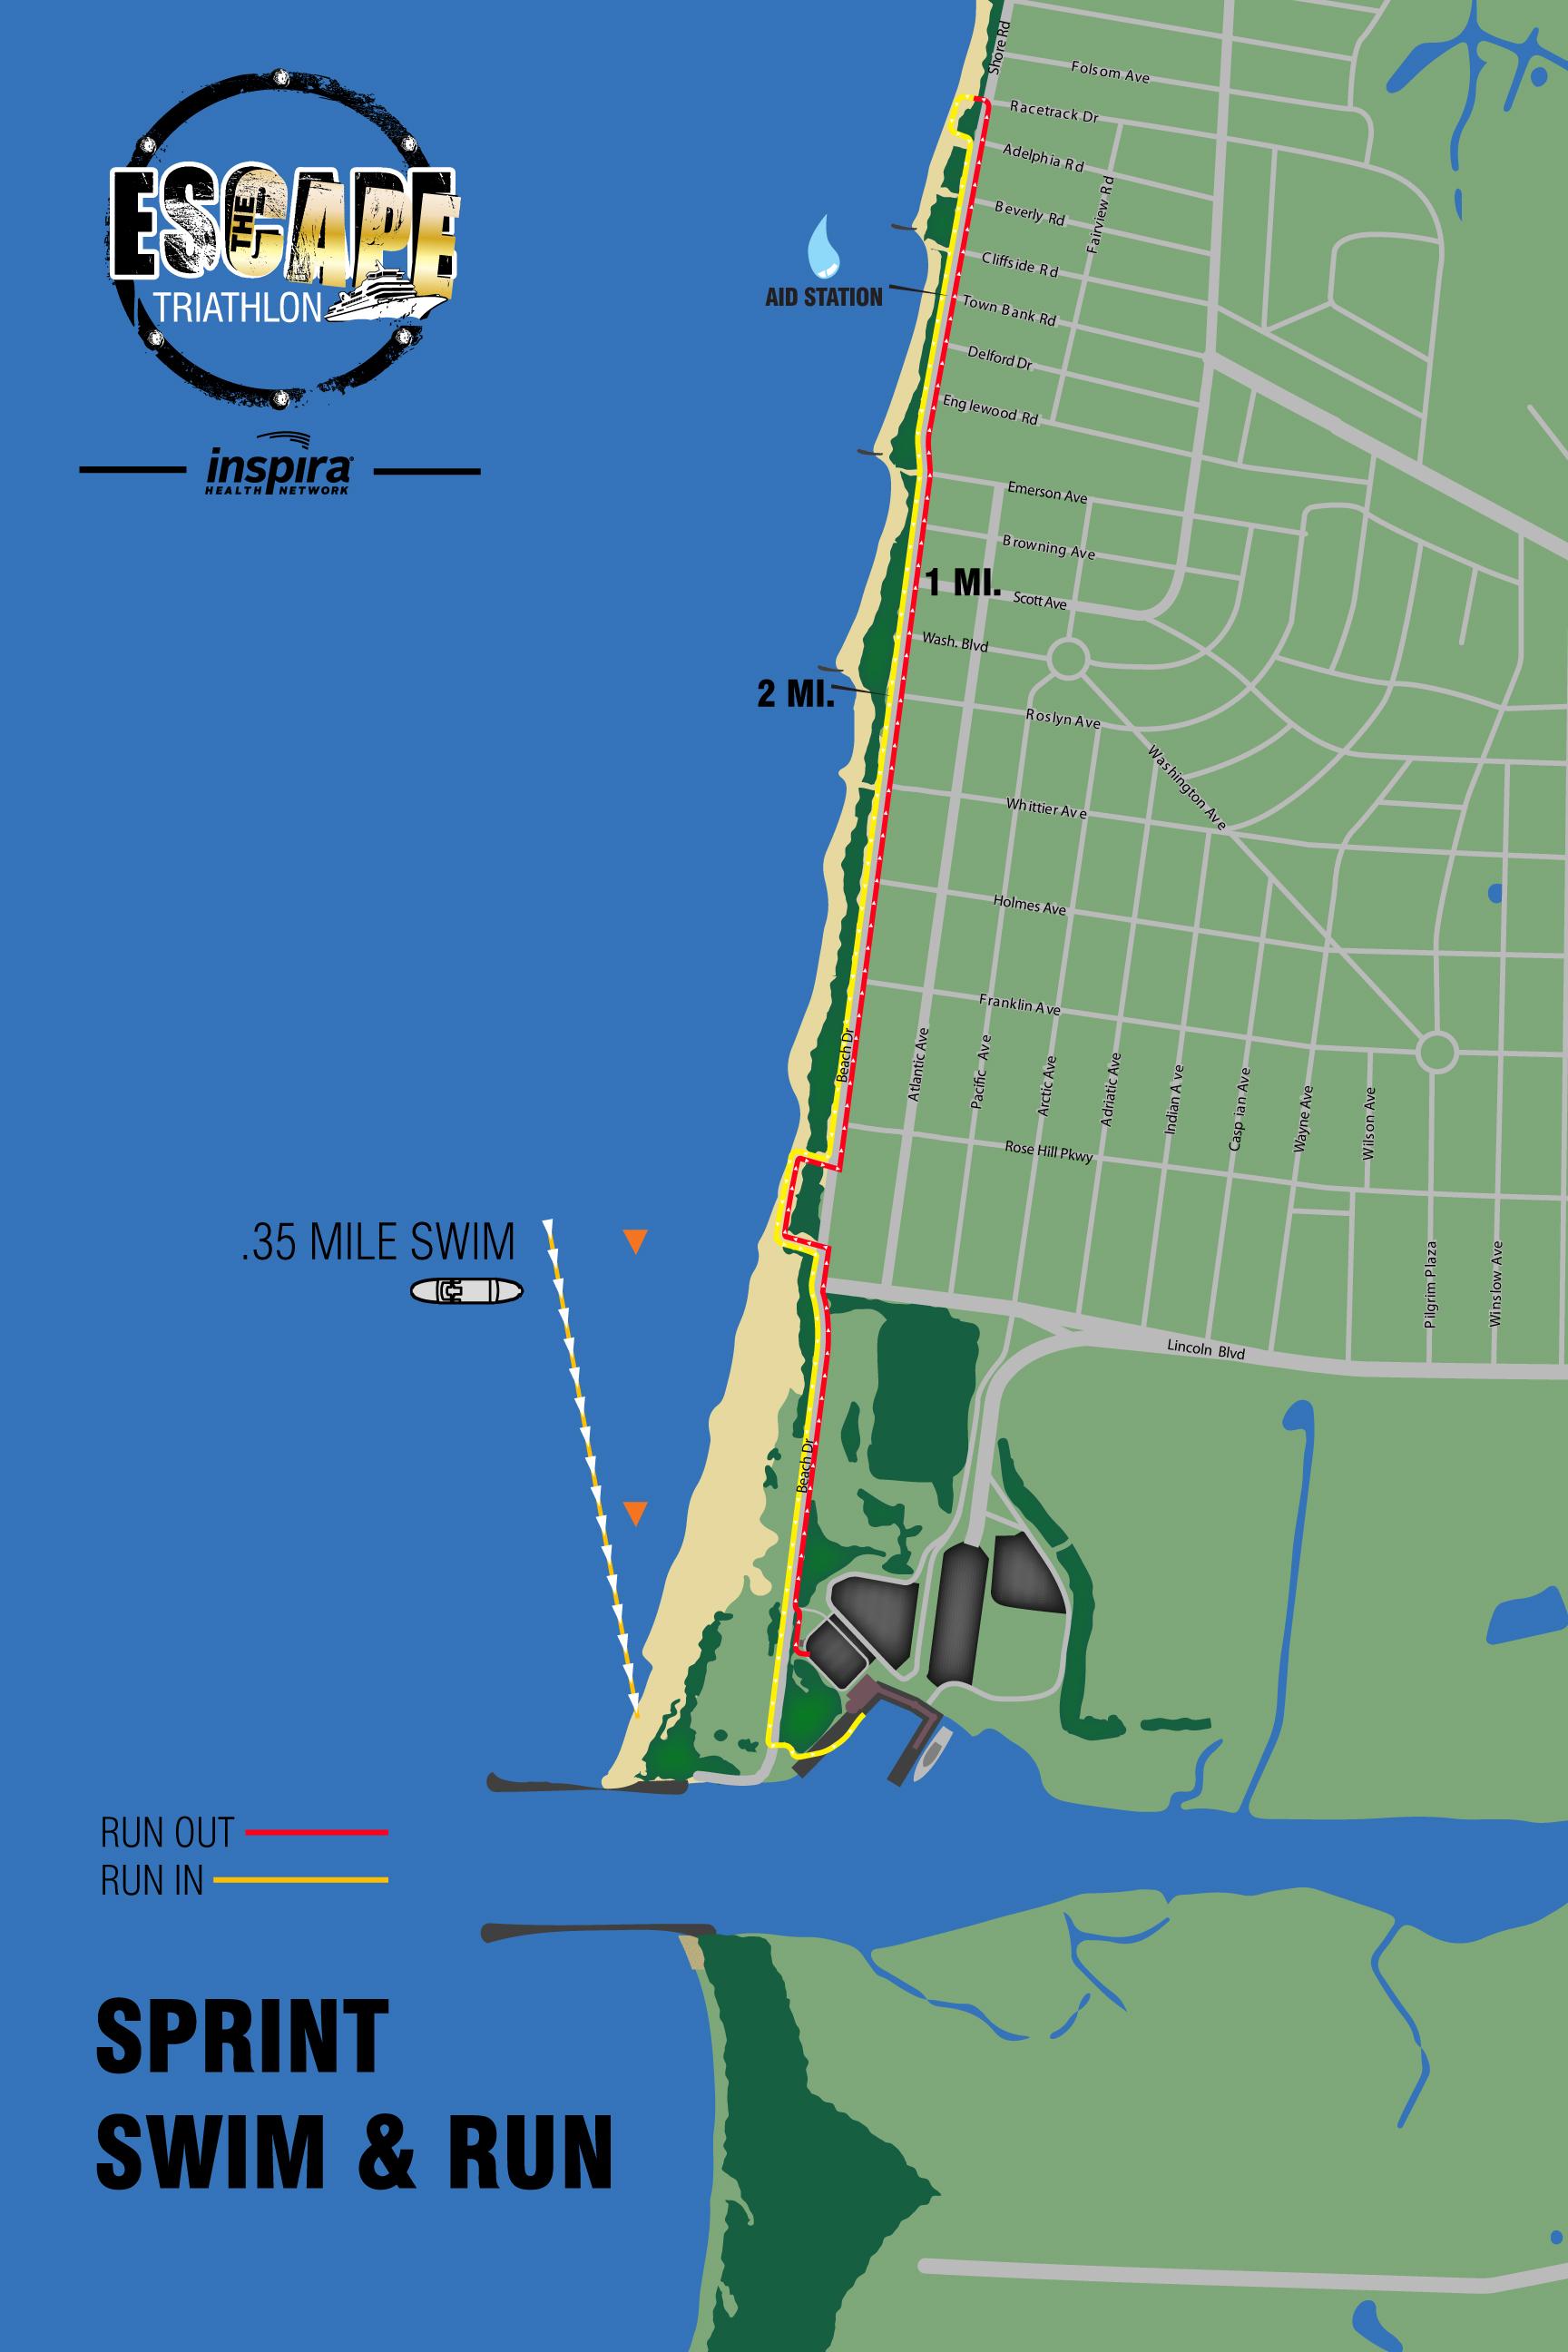 Swim &RunCourse Map (Sprint Triathlon)
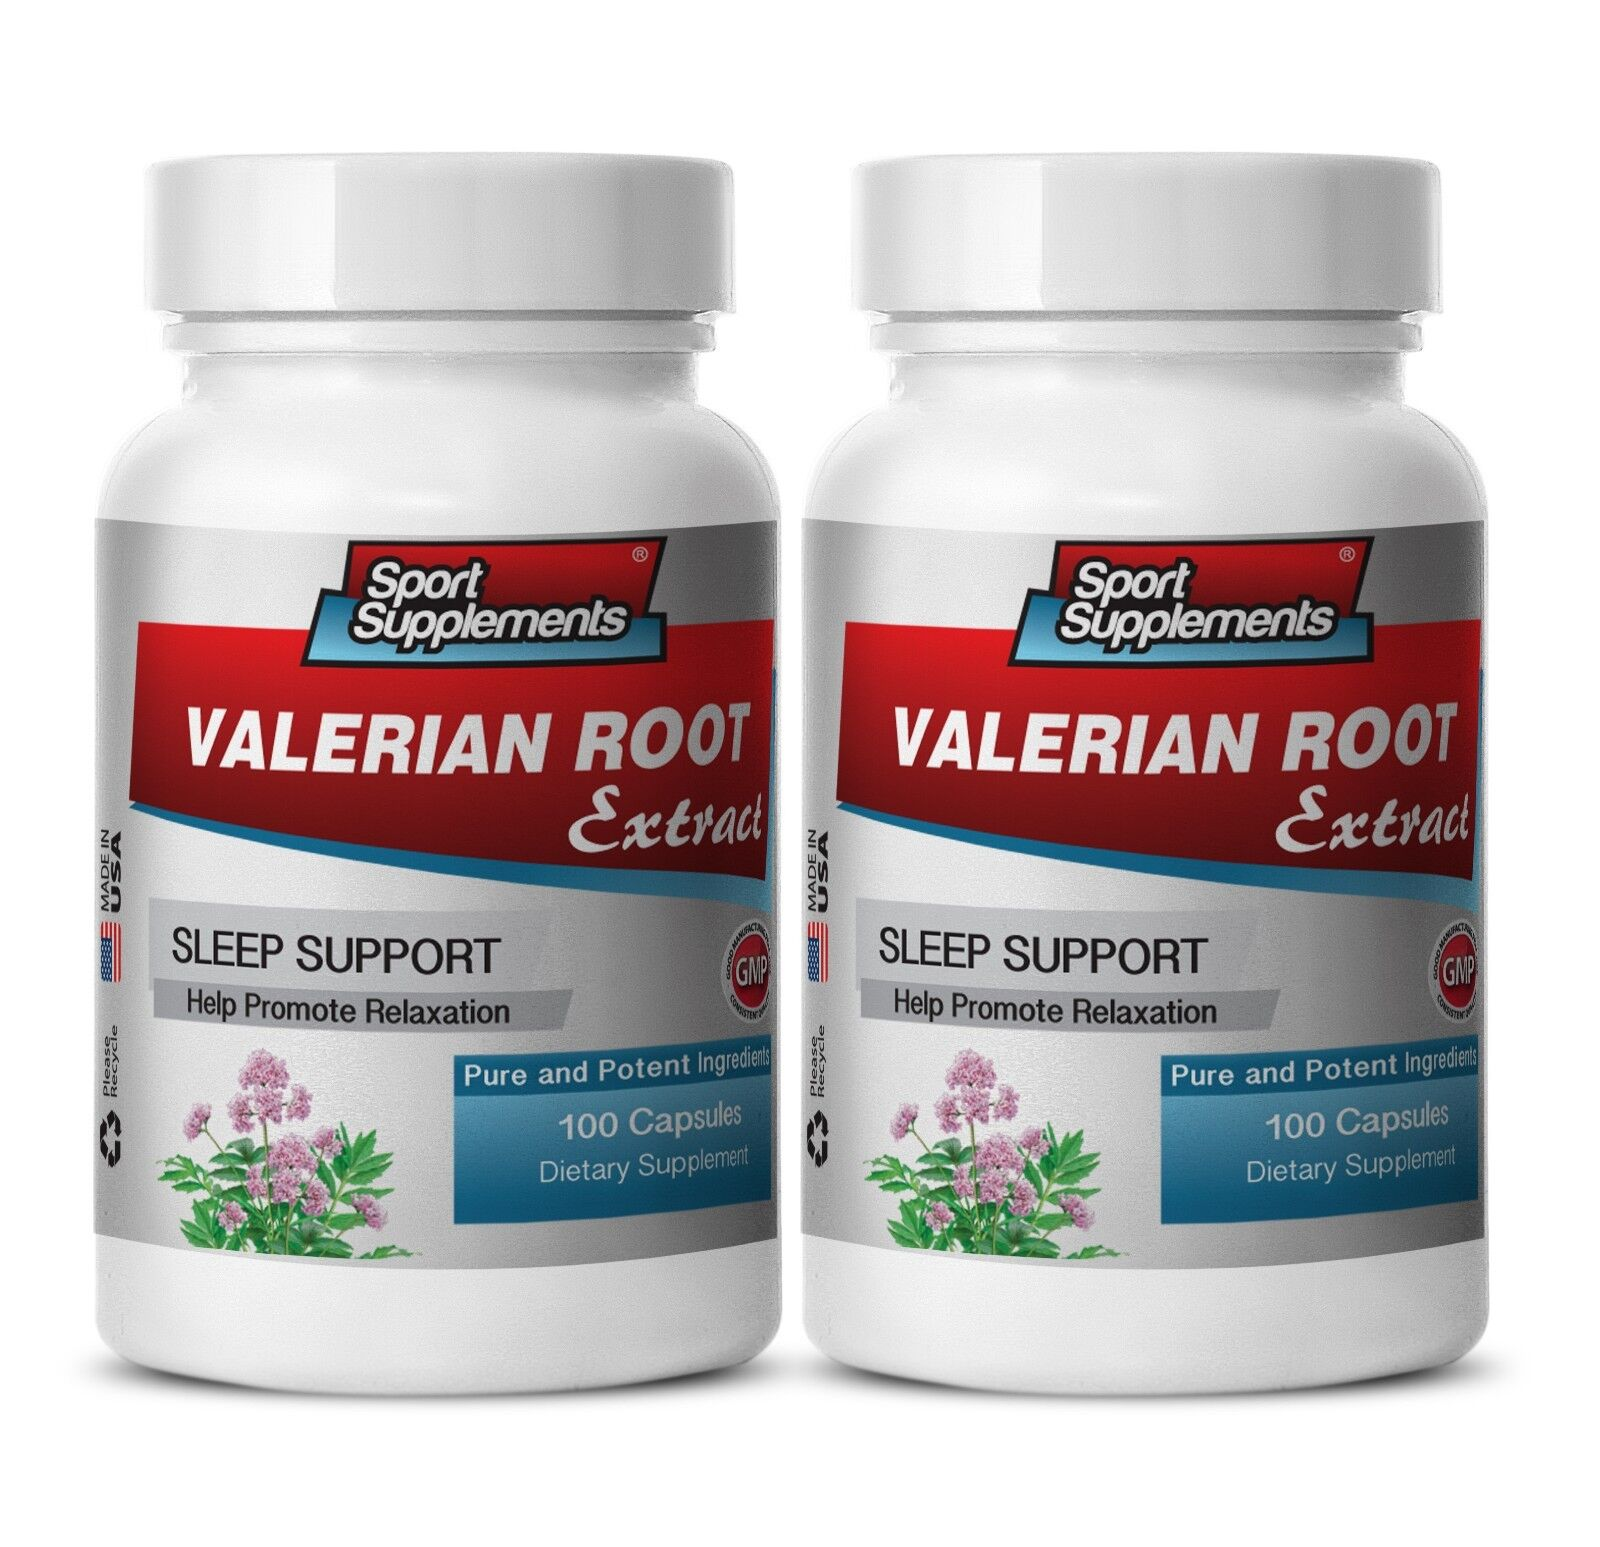 Valerian Supplements - Valerian Root Extract 4:1 125mg - Help Sleeplessness 2B 1
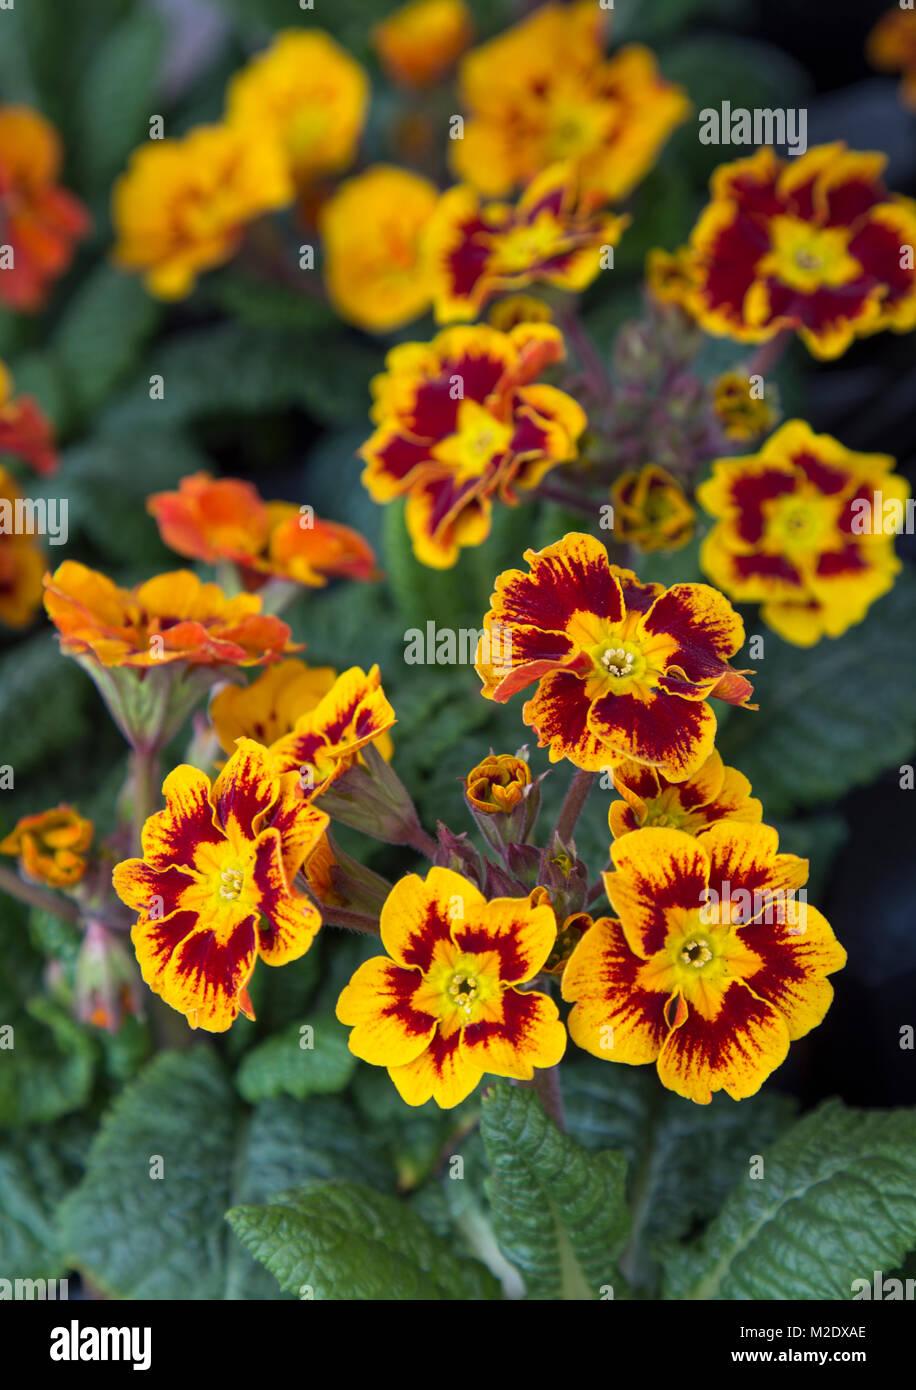 Primula polyantha 'Castillian' Stock Photo

- [HOW TO COMPLETE THIS TASK]: Retype exactly the lines above, starting at the line containing "Valerian Supplements - Valerian" and ending with the last line, both included; leave out the pictures.

- [RESPONSE BOX]:
 Valerian Supplements - Valerian Root Extract 4:1 125mg - Help Sleeplessness 2B 1
 Primula polyantha 'Castillian' Stock Photo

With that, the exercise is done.